* **WORK ORDER**: Return all the data verbatim but without images.

* **COLLECTED DATA**:
:::

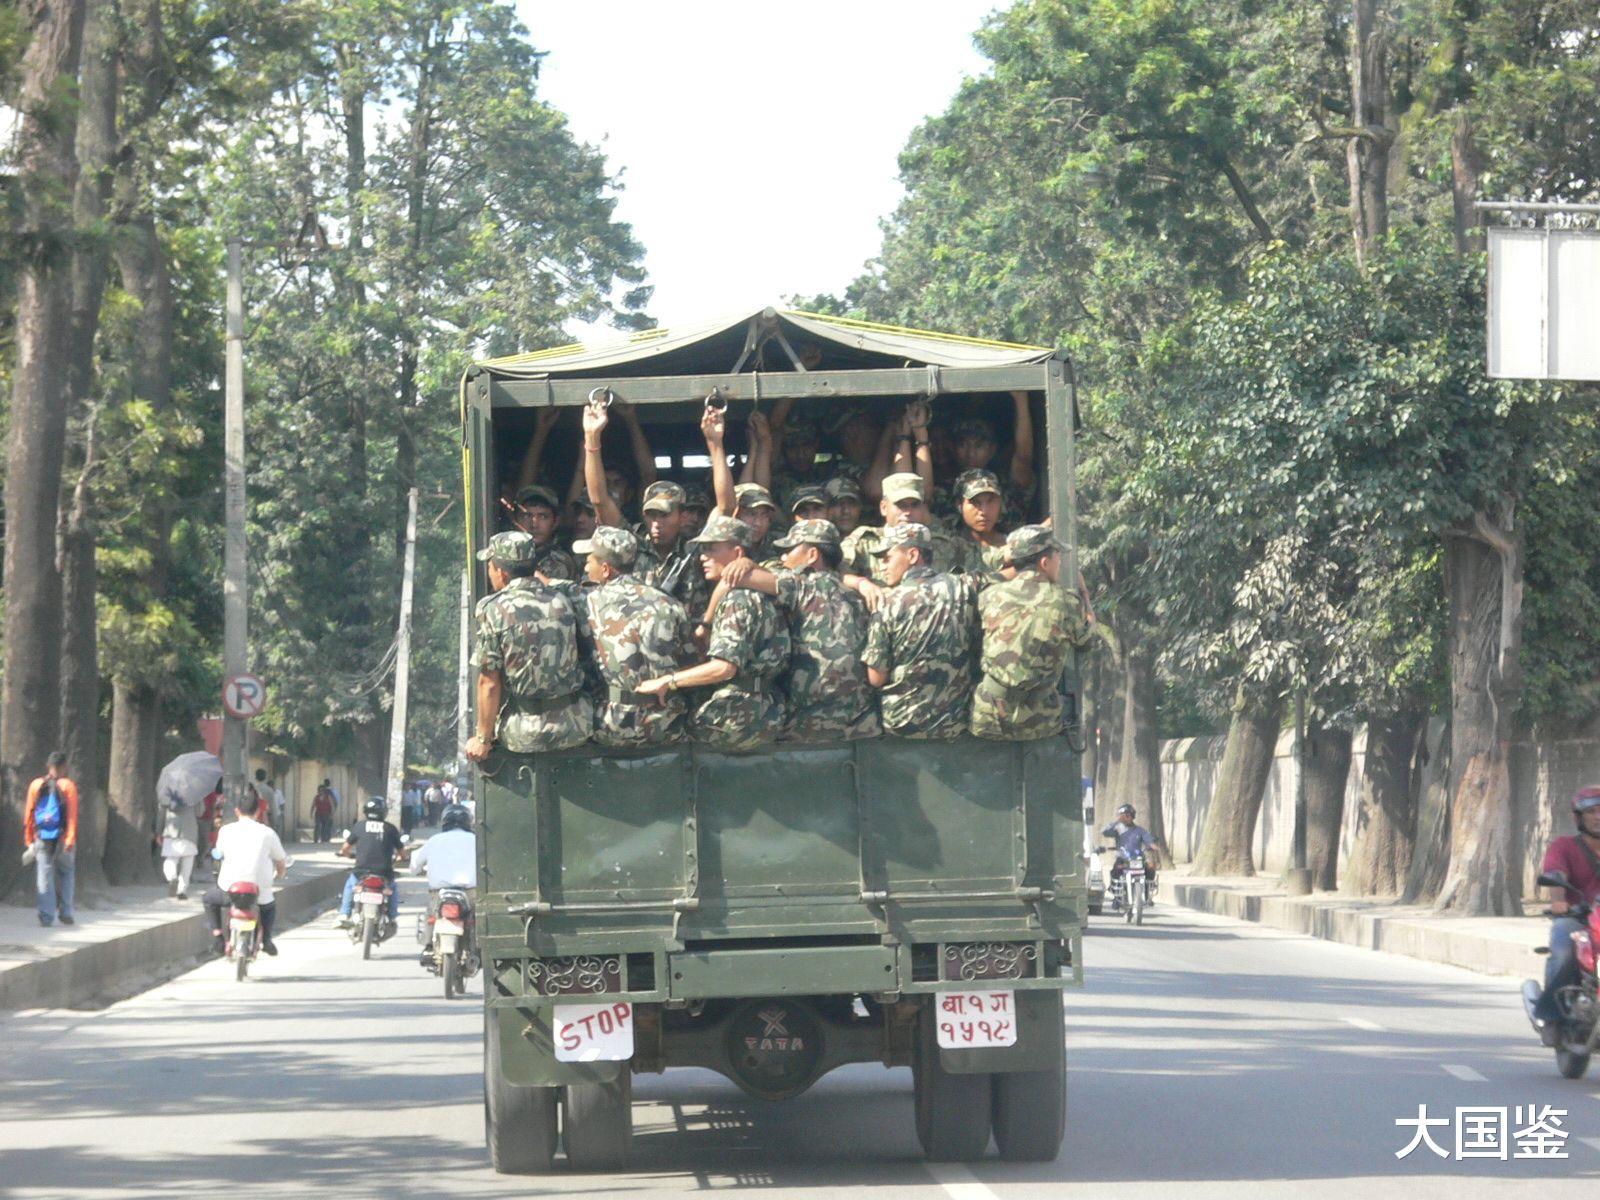 尼泊尔开辟战略通道,向边境运送大批部队,印度:谁给的胆子?
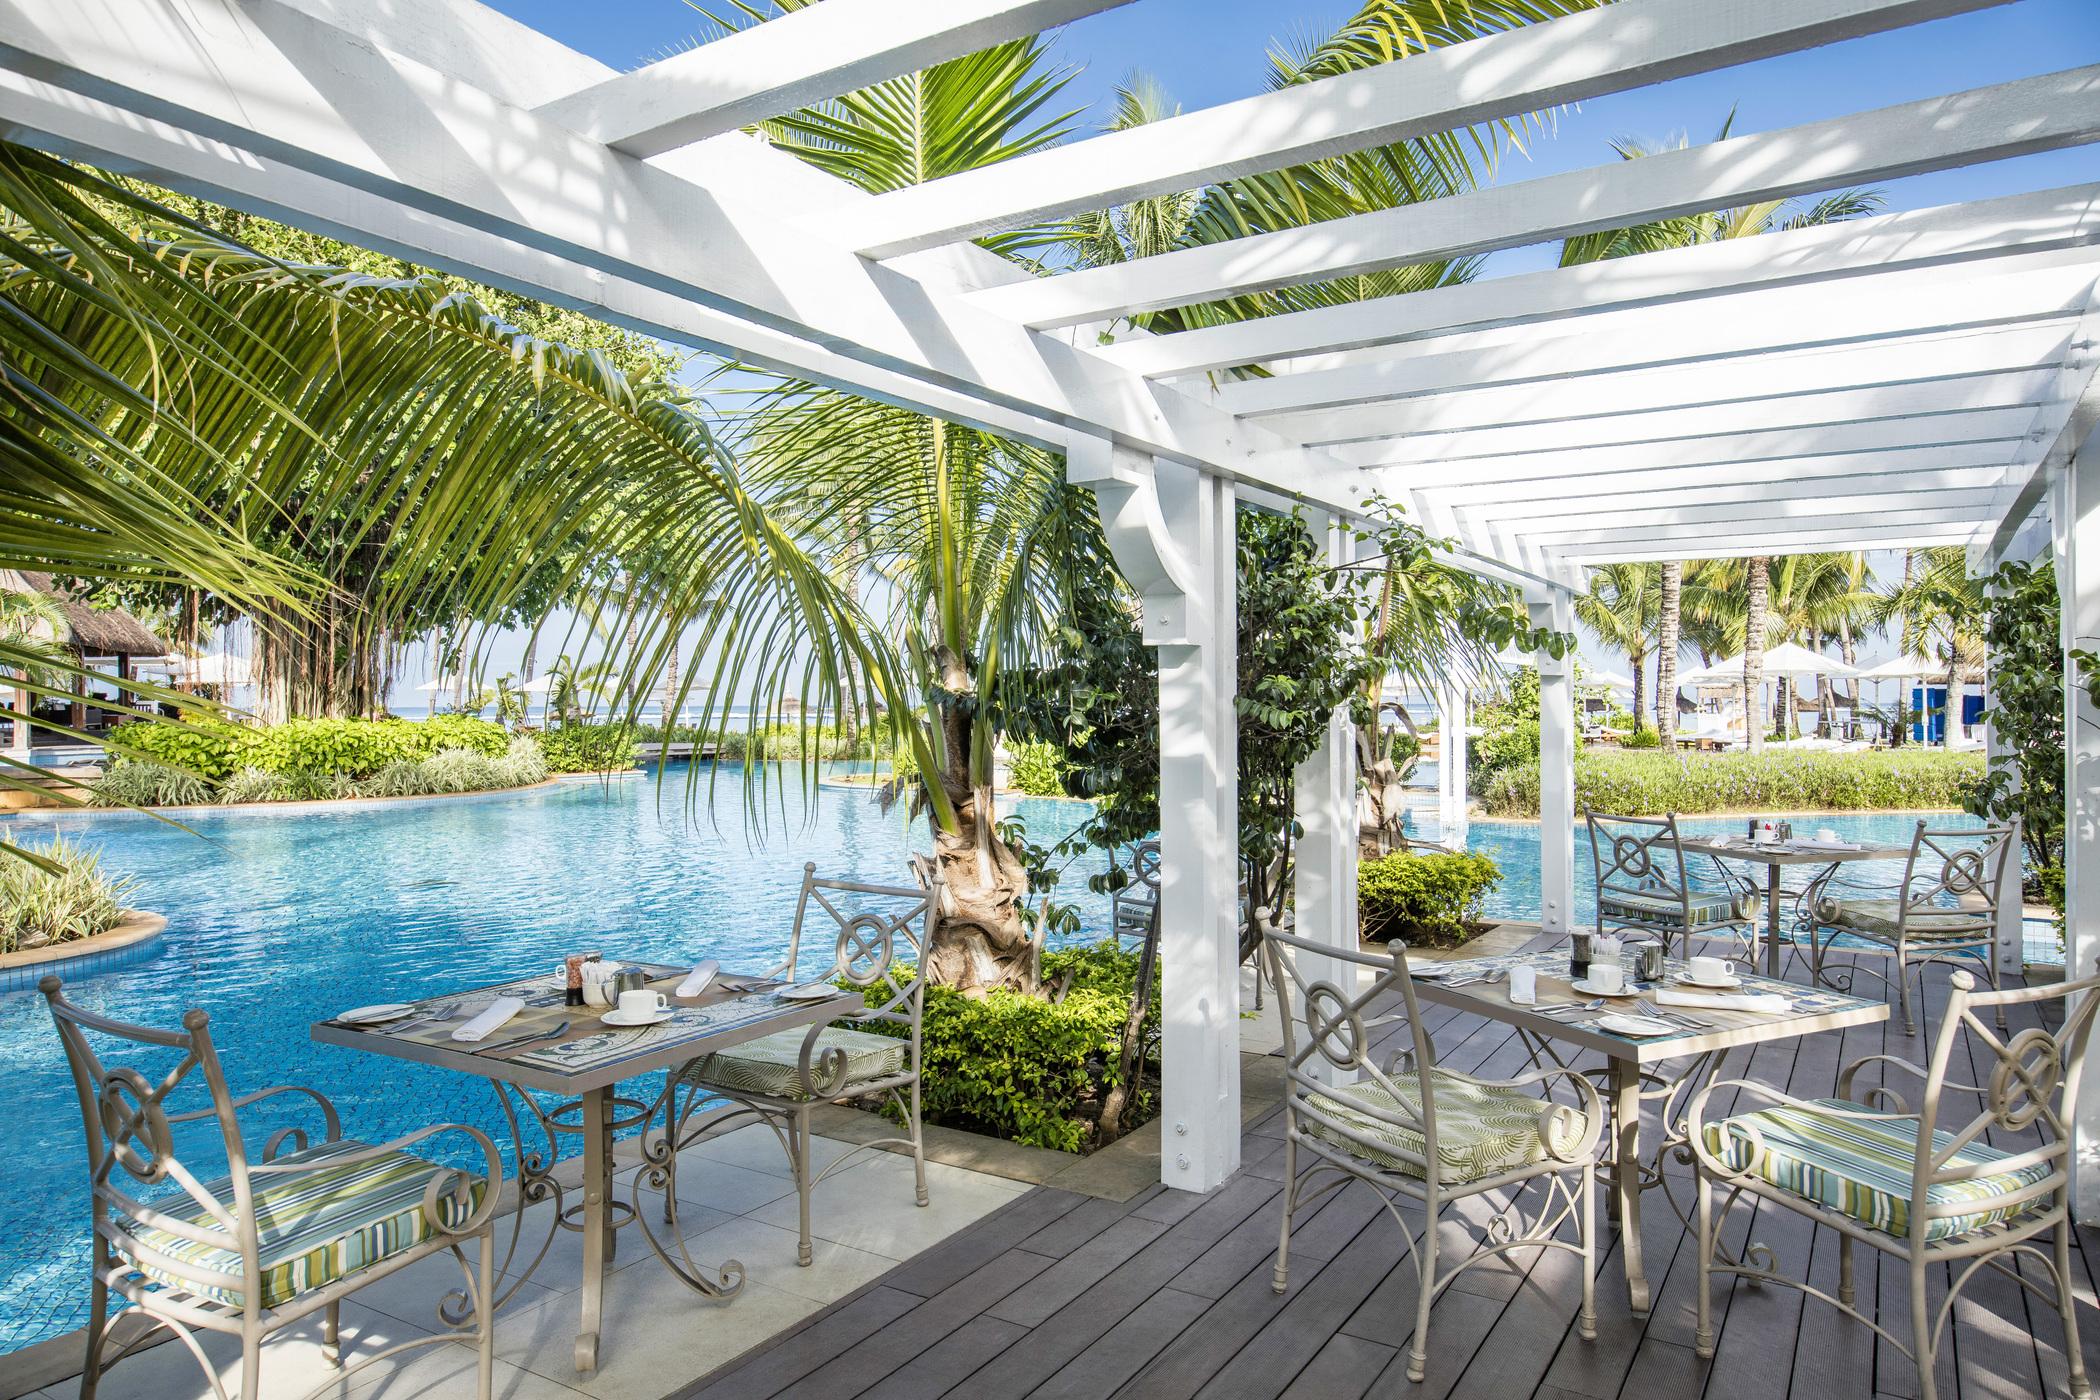 Sugar_Beach_Restaurants_Mon_Plaisir_1-2100x1400-a1261781-4814-47f8-ab95-...
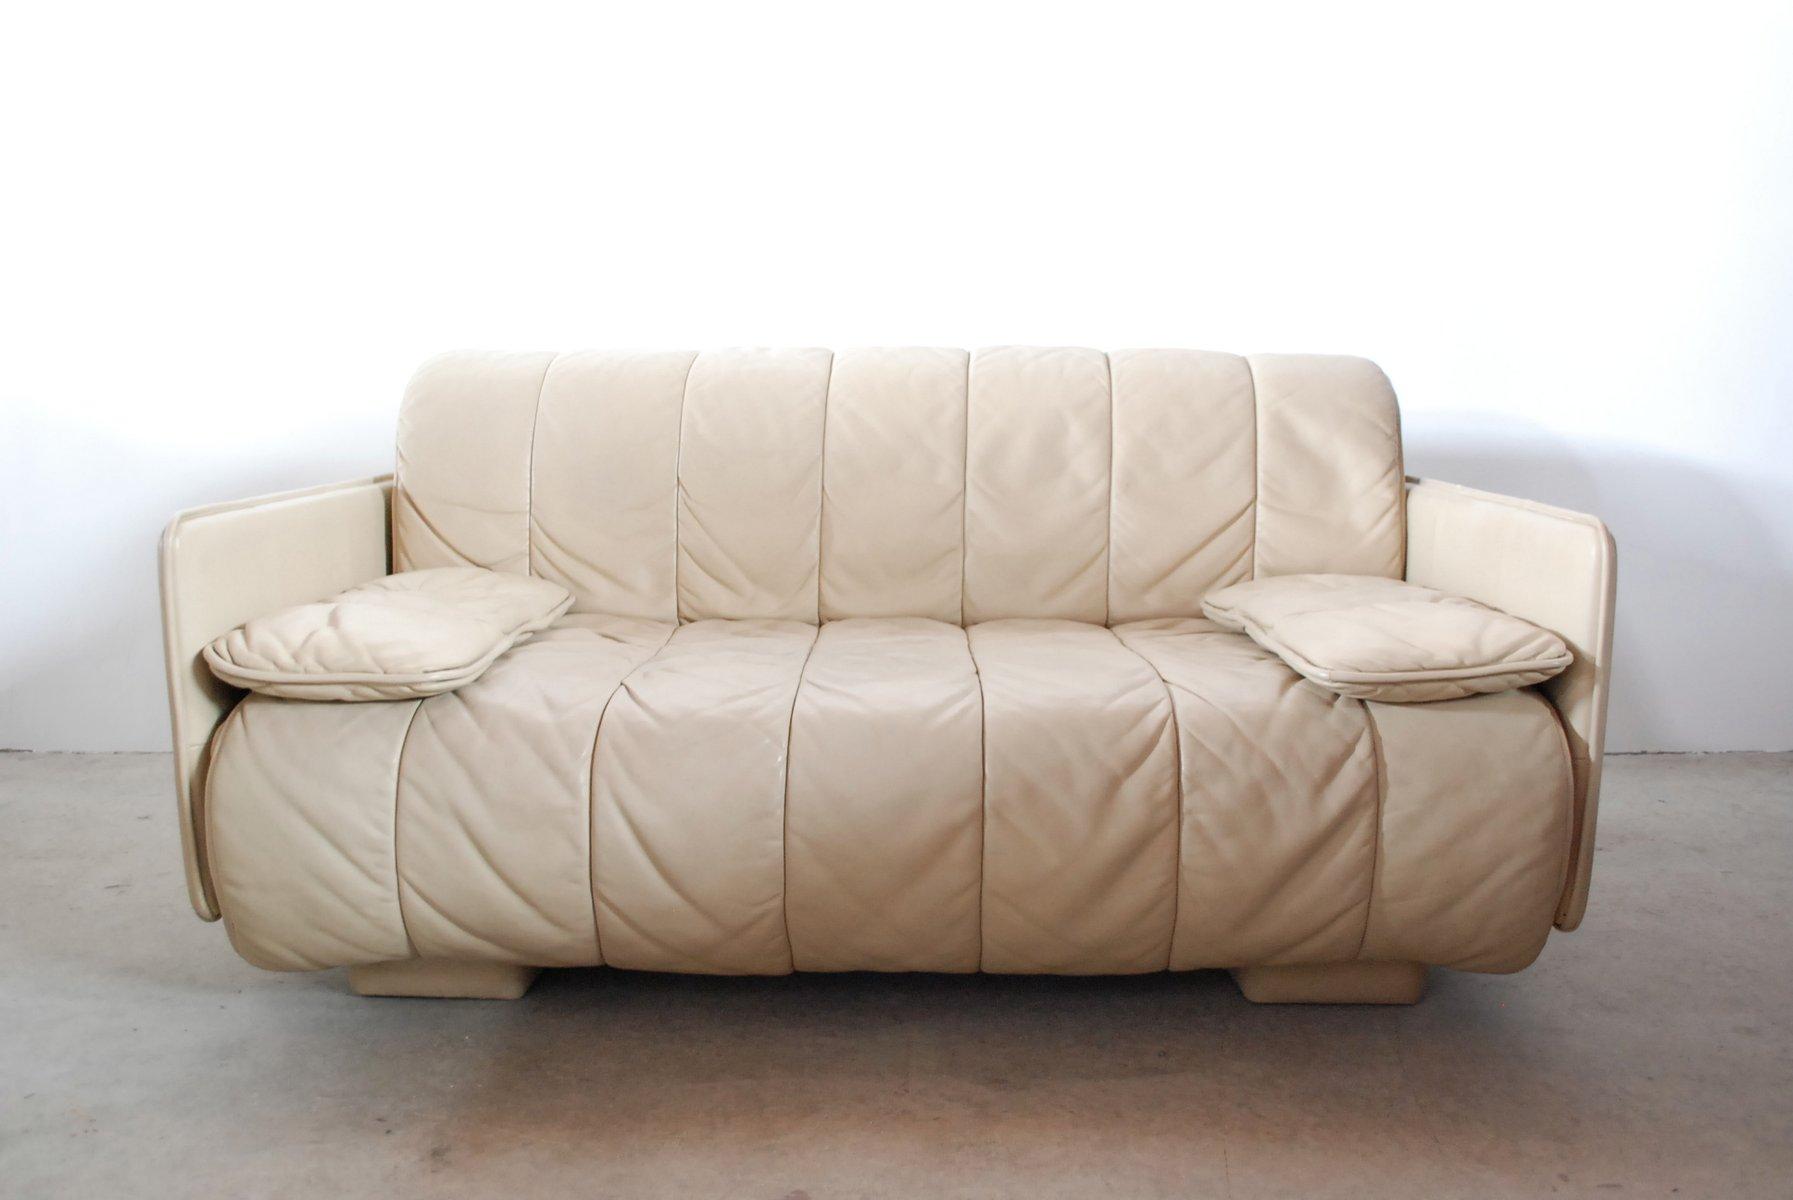 canap en cuir de de sede suisse 1980s en vente sur pamono. Black Bedroom Furniture Sets. Home Design Ideas

:::

* **PROBLEM SOLUTION**:
 尼泊尔开辟战略通道,向边境运送大批部队,印度:谁给的胆子?
 Sugar_Beach_Restaurants_Mon_Plaisir_1-2100x1400-a1261781-4814-47f8-ab95-...
 canap en cuir de de sede suisse 1980s en vente sur pamono. Black Bedroom Furniture Sets. Home Design Ideas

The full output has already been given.